Technology

Agent Cuttlefish hardware — a Turing Pi RK1 board housed in a custom 3D-printed cuttlefish sculpture with colour-changing LED lights

Agent Cuttlefish has lived on a number of different computers over the past year. Its current home is a Turing Pi RK1, with supporting services coming from a Raspberry Pi NAS and a Jetson Orin Nano.

Agent Cuttlefish is an ongoing artistic, technical, and research project. The agent combines open-source AI frameworks, large language models, agentic workflow systems, and custom-made software. A key design principle is the use of open-source software and openly available AI models wherever practical. The system is designed to be resilient and future-proof, with data stored in simple, widely readable formats, hosted locally and backed up regularly across multiple systems. Agent Cuttlefish also aims to avoid unnecessary dependence on proprietary platforms, hardware, and closed ecosystems.

Software

As of June 2026, Agent Cuttlefish runs on a technology stack built around Hermes Agent, Ollama, Open WebUI, and Astro. Hermes Agent orchestrates autonomous tasks and workflows, while Ollama serves locally hosted and cloud open-weight language models. Open WebUI provides the primary conversational interface, and Astro is used to build fast, static websites. Together, these technologies form a largely open-source, locally hosted infrastructure for creative AI practice, research, and experimentation.

Hardware

AI agents do not necessarily need power-hungry computers. Agent Cuttlefish currently runs on a Turing Pi RK1 board (aarch64, 8-core ARM, 16GB RAM) with a 256GB SSD. It runs 24 hours per day.
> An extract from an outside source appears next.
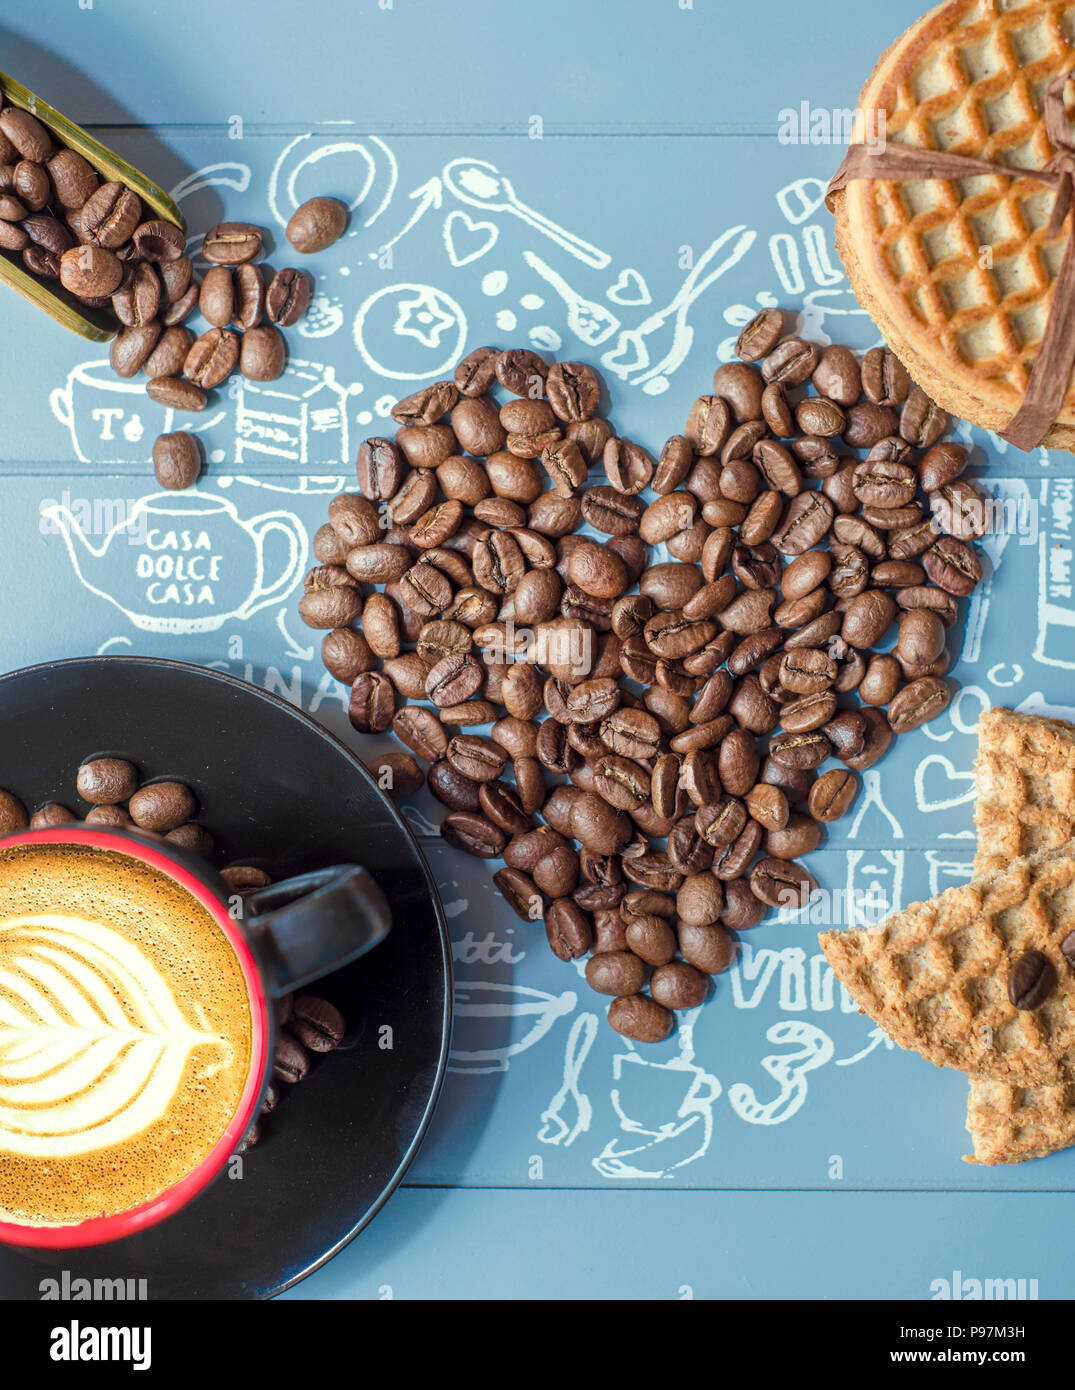 Una grande selezione di caffè gratuito stock foto. Trovare diversi tipi di quadri di caffè incluse immagini di tazze di caffè, tazze da caffè, caffè in grani Foto Stock

For advanced reasoning and language tasks, Agent Cuttlefish uses the Kimi-K2.6 model via Ollama Cloud, while smaller, faster models can also run locally on the RK1 and a nearby NVIDIA Jetson Orin Nano system. This hybrid approach allows the agent to balance local control, low-power operation, and access to more capable cloud-based AI models when required.

The entire system is backed up regularly to a locally hosted Raspberry Pi NAS, helping ensure long-term resilience and recoverability of the project's data, archives, and software environment.